Re: [PATCH] irqchip/gic-v3-its: Balance initial LPI affinity across CPUs

From: Thomas Gleixner
Date: Mon Jan 20 2020 - 14:24:50 EST


Marc,

Marc Zyngier <maz@xxxxxxxxxx> writes:
> We're stuck between a rock and a hard place here:
>
> (1) We place all interrupts on the least loaded CPU that matches
> the affinity -> results in performance issues on some funky
> HW (like D05's SAS controller).
>
> (2) We place managed interrupts on the least loaded CPU that matches
> the affinity -> we have artificial load on NUMA boundaries, and
> reduced spread of overlapping managed interrupts.
>
> (3) We don't account for non-managed LPIs, and we run the risk of
> unpredictable performance because we don't really know where
> the *other* interrupts are.
>
> My personal preference would be to go for (1), as in my original post.
> I find (3) the least appealing, because we don't track things anymore.
> (2) feels like "the least of all evils", as it is a decent performance
> gain, seems to give predictable performance, and doesn't regress lesser
> systems...
>
> I'm definitely open to suggestions here.
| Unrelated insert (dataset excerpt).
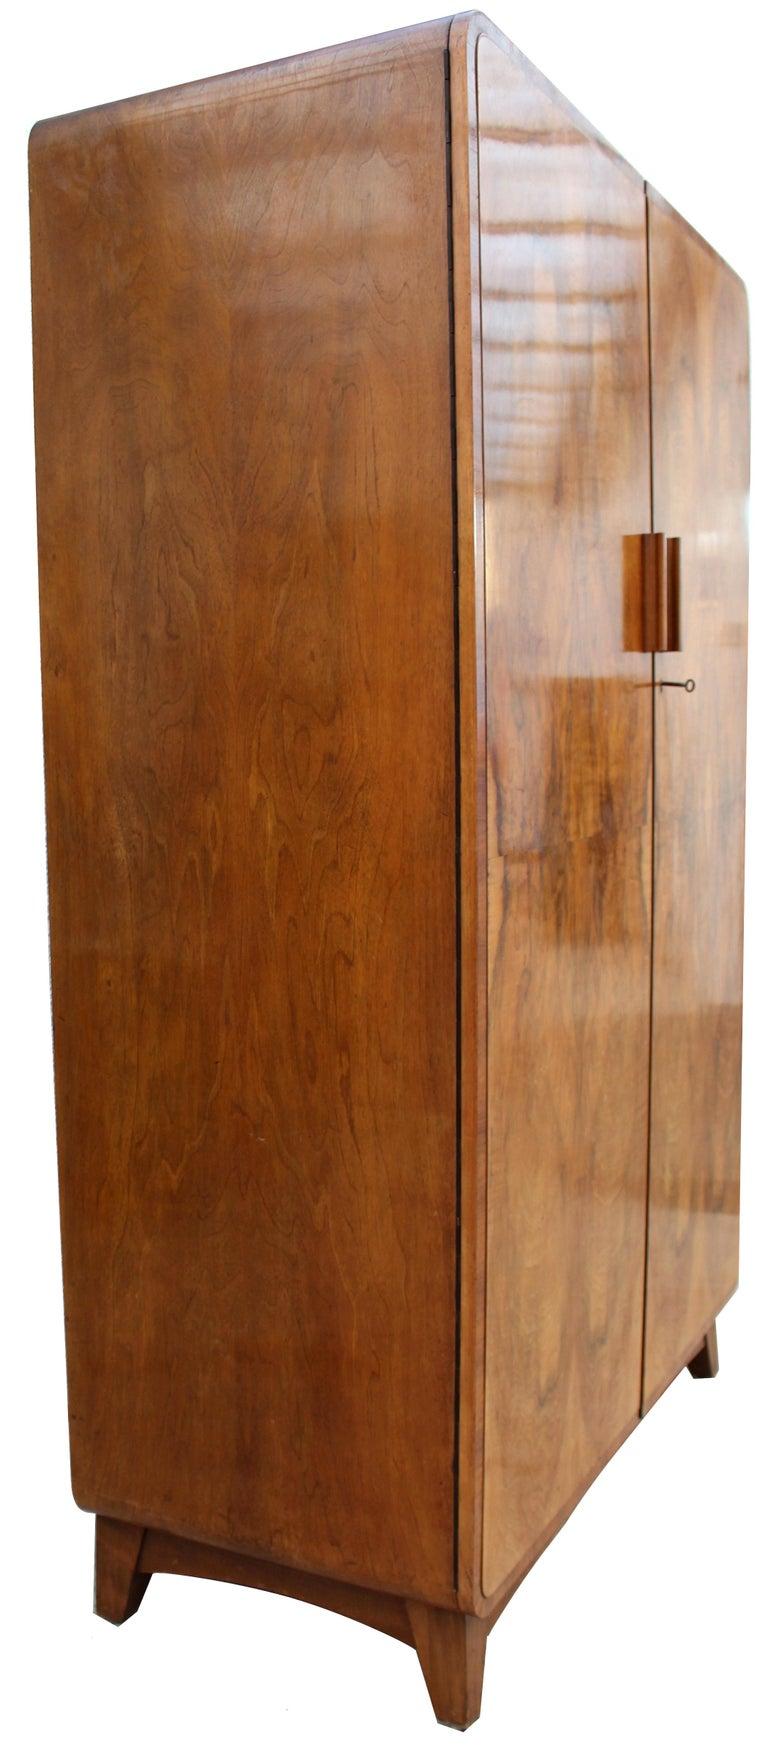 20th Century Art Deco Heavily Figured Walnut Gents Wardrobe, Tallboy, circa 1930 For Sale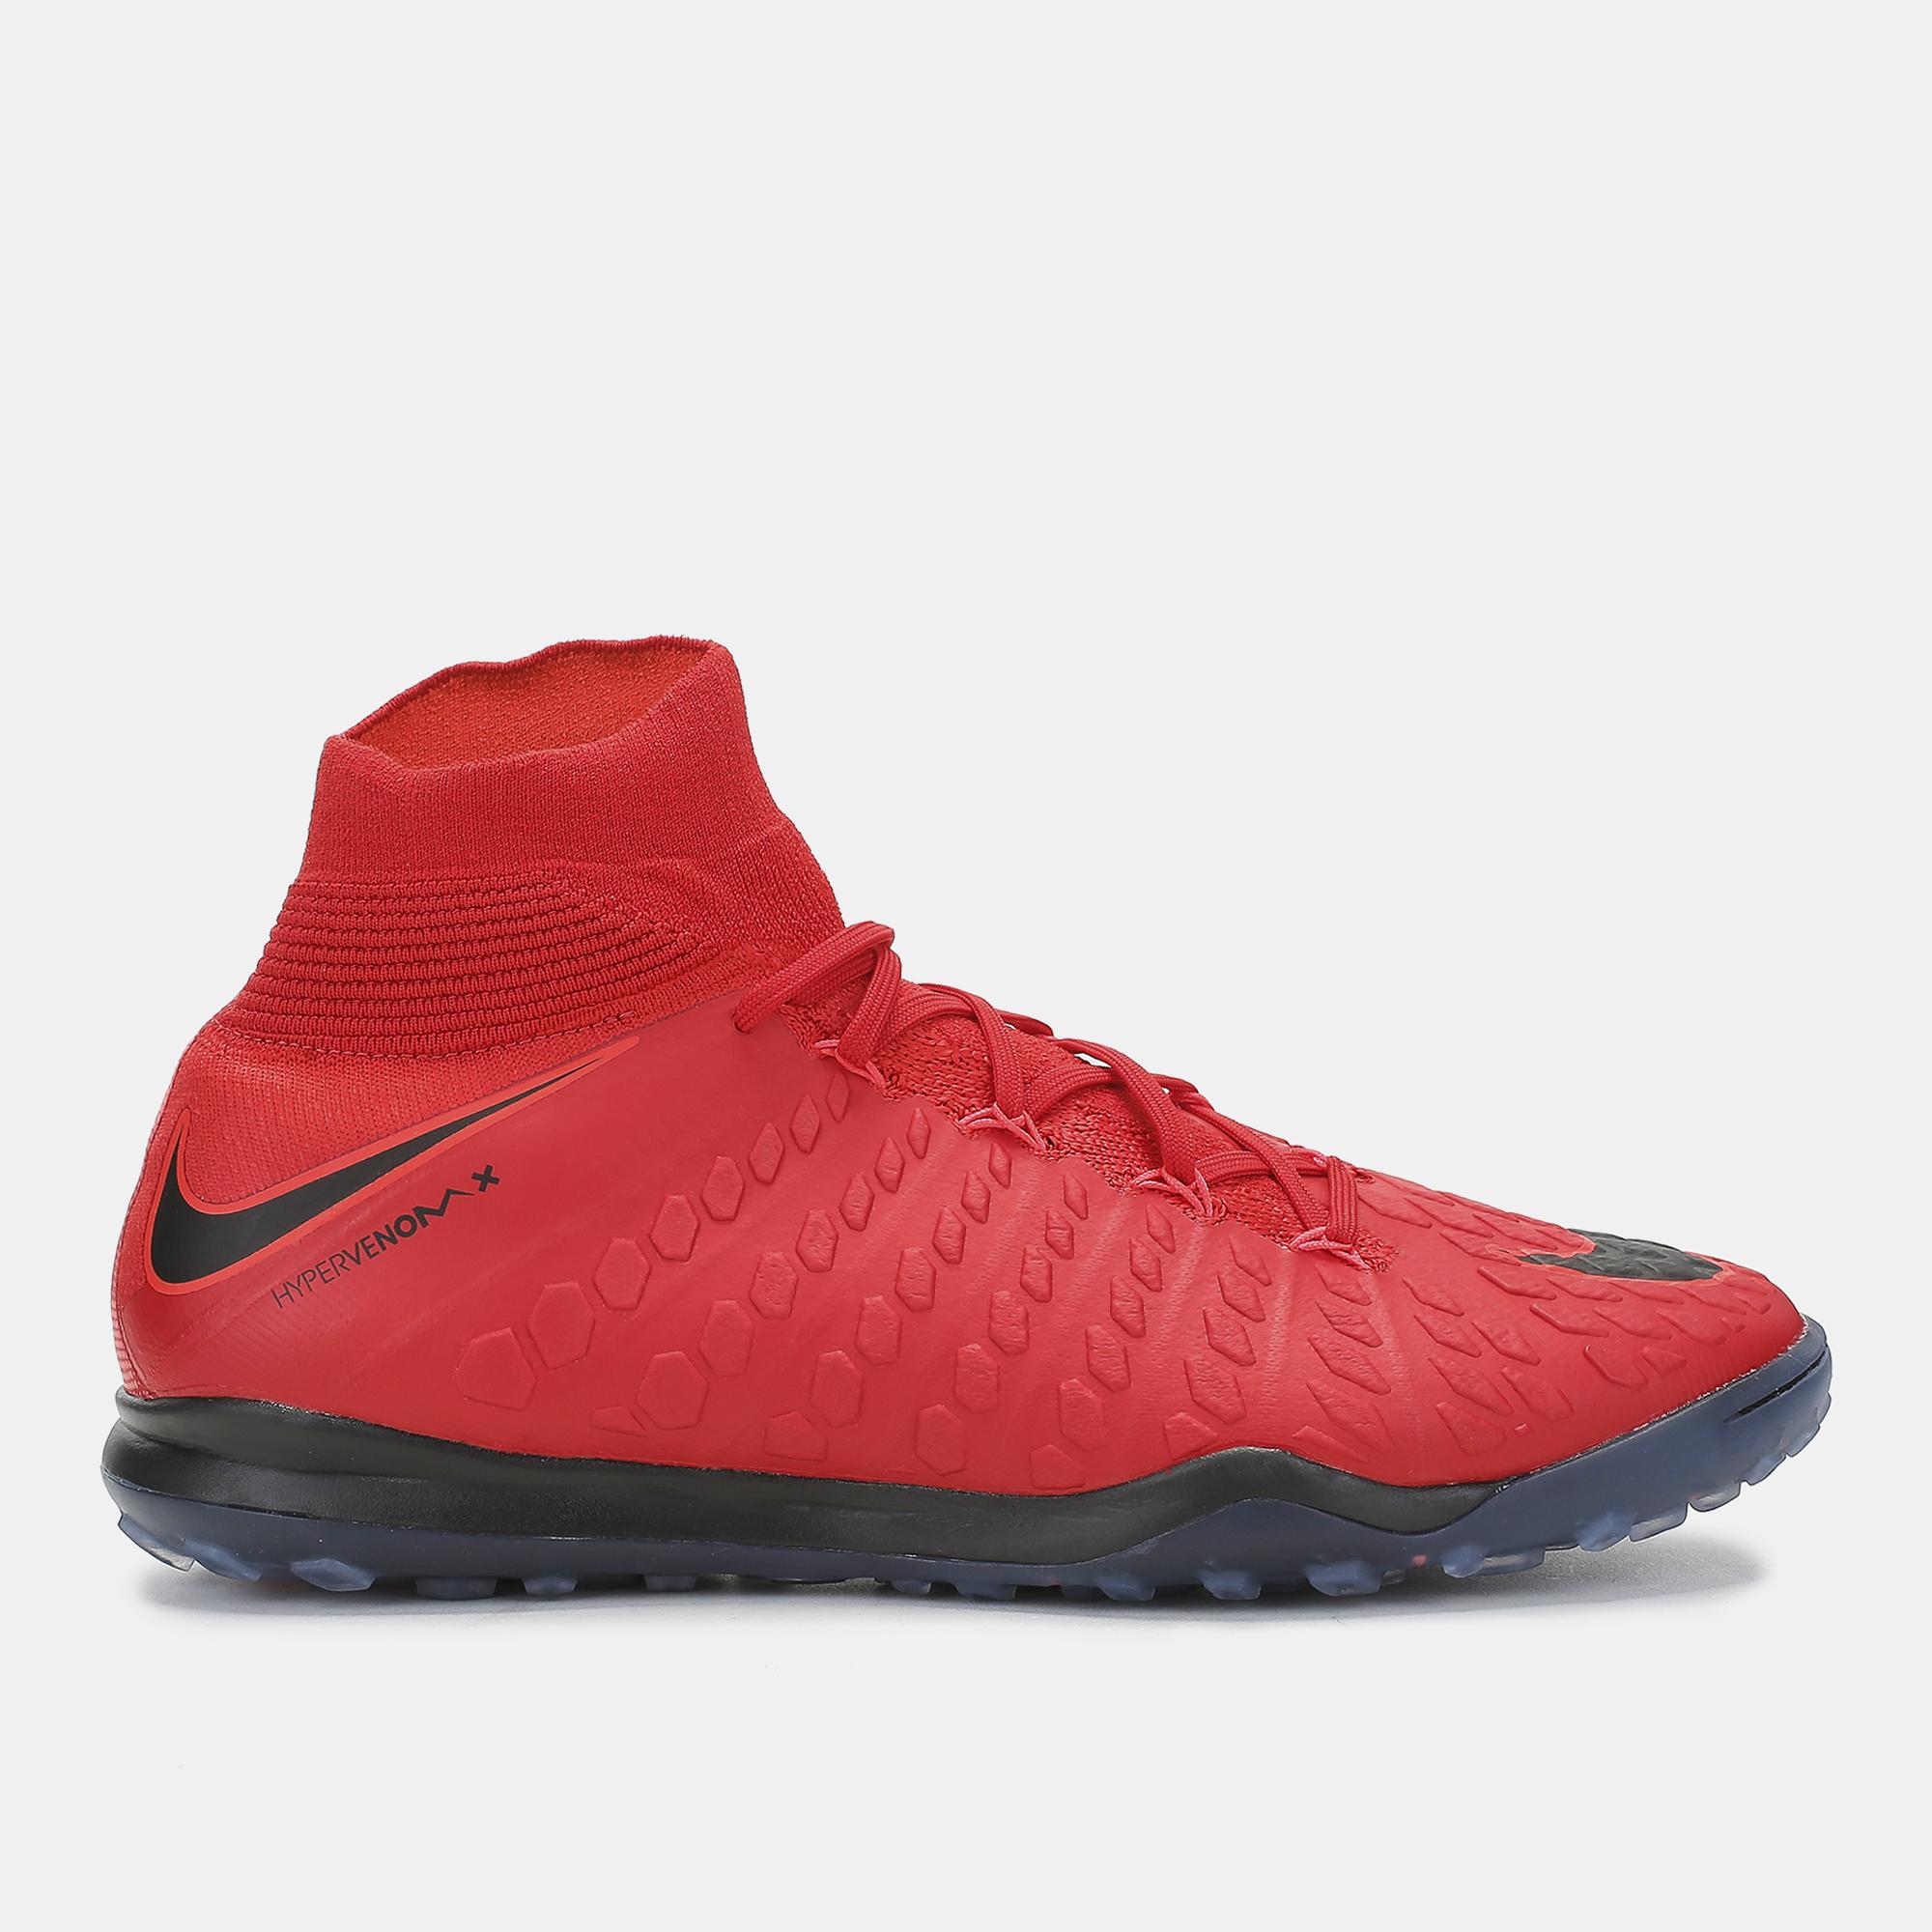 cb17395895e5 Shop Red Nike HypervenomX Proximo II Dynamic Fit Turf Football Shoe ...

The way x86 does it and that's mostly ok except for some really broken
setups is:

1) Non-managed interrupts:

If the interrupt is bound to a node, then we try to find a target

I) in the intersection of affinity mask and node mask.

II) in the nodemask itself

Yes we ignore affinity mask there because that's pretty much
the same as if the given affinity does not contain an online
CPU.

If all of that fails then we try the nodeless mode

If the interrupt is not bound to a node, then we try to find a target

I) in the intersection of affinity mask and online mask.

II) in the onlinemask itself

Each step searches for the CPU in the searched mask which has the
least number of total interrupts assigned.

2) Managed interrupts

For managed interrupts we just search in the intersection of assigned
mask and online CPUs for the CPU with the least number of managed
interrupts.

If no CPU is online then the interrupt is shutdown anyway, so no
fallback required.

Don't know whether that's something you can map to ARM64, but I assume
the principle of trying to enforce NUMA locality plus balancing the
number of interrupts makes sense in general.

Thanks,

tglx